The `MeshSource.save()`

function paints the mesh via a call to
`MeshSource.paint()`

and saves the mesh using a `bigfile`

format.
The output mesh saved to file can be in either configuration space or Fourier
space, by specifying `mode`

as either `real`

or `complex`

.

Below, we save our `LinearMesh`

to a
`bigfile`

file:

```
# save the RealField
In [8]: mesh.save('linear-mesh-real.bigfile', mode='real', dataset='Field')
# save the ComplexField
In [9]: mesh.save('linear-mesh-complex.bigfile', mode='real', dataset='Field')
```

The saved mesh can be loaded from disk using the
`BigFileMesh`

class:

```
In [10]: from nbodykit.lab import BigFileMesh
In [11]: import numpy
# load the mesh in the form of a RealField
In [12]: real_mesh = BigFileMesh('linear-mesh-real.bigfile', 'Field')
# return the RealField via paint
In [13]: rfield = real_mesh.paint(mode='real')
# load the mesh in the form of a ComplexField
In [14]: complex_mesh = BigFileMesh('linear-mesh-complex.bigfile', 'Field')
# FFT to get the ComplexField as a RealField
In [15]: rfield2 = complex_mesh.paint(mode='real')
# the two RealFields must be the same!
In [16]: numpy.allclose(rfield.value, rfield2.value)
Out[16]: True
```

Here, we load our meshes in configuration space and Fourier space and then
paint both with `mode=real`

and verify that the results are the same.
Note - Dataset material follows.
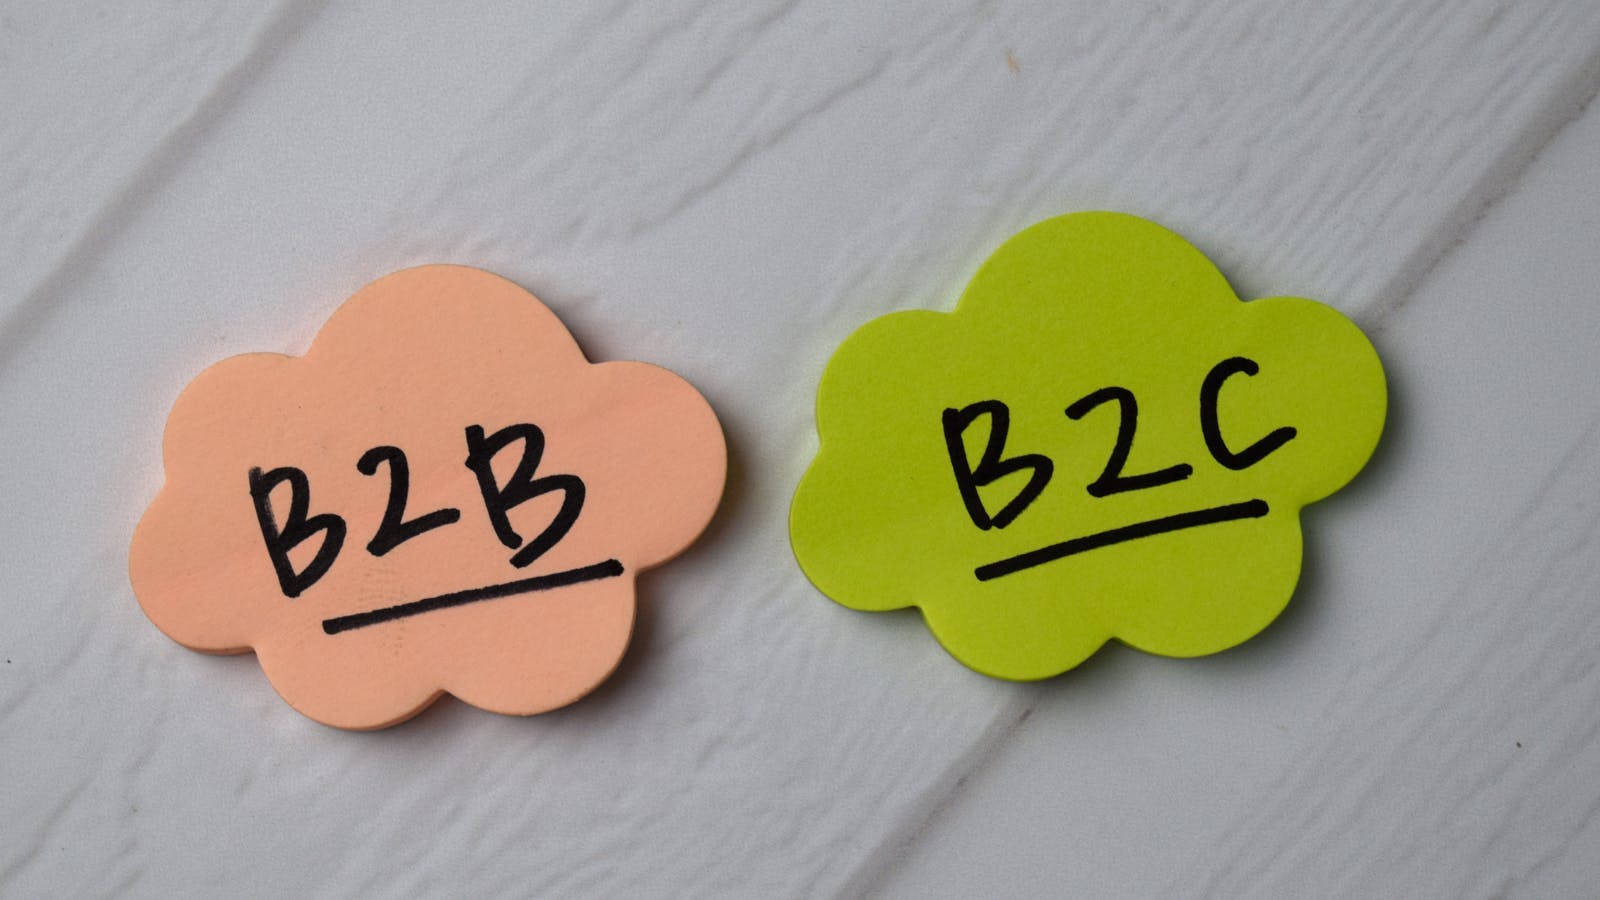 Un visuel avec la différence entre B2B et B2C

nbodykit supports performing transformations to the mesh data by applying
arbitrary functions in either configuration space or Fourier space. Users
can use the `MeshSource.apply()`

function to apply these transformations.
The function applied to the mesh should take two arguments, `x`

and `v`

:

- The
`x`

argument provides a list of length three holding the coordinate arrays that define the mesh. These arrays broadcast to the full shape of the mesh, i.e., they have shapes \((N_x,1,1)\), \((1,N_y,1)\), and \((1,1,N_z)\) if the mesh has shape \((N_x, N_y, N_z)\). - The
`v`

argument is the array holding the value of the mesh field at the coordinate arrays in`x`

The units of the `x`

coordinate arrays depend upon the values of the
`kind`

and `mode`

keywords passed to the `apply()`

function.
The various cases are:

mode |
kind |
range of the “x” argument |

`real` |
`relative` |
\([-L/2, L/2)\) |

`real` |
`index` |
\([0, N)\) |

`complex` |
`wavenumber` |
\([- \pi N/L, \pi N / L)\) |

`complex` |
`circular` |
\([-\pi, \pi)\) |

`complex` |
`index` |
\([0, N)\) |

Here, \(L\) is the size of the box and N is the number of cells per mesh side.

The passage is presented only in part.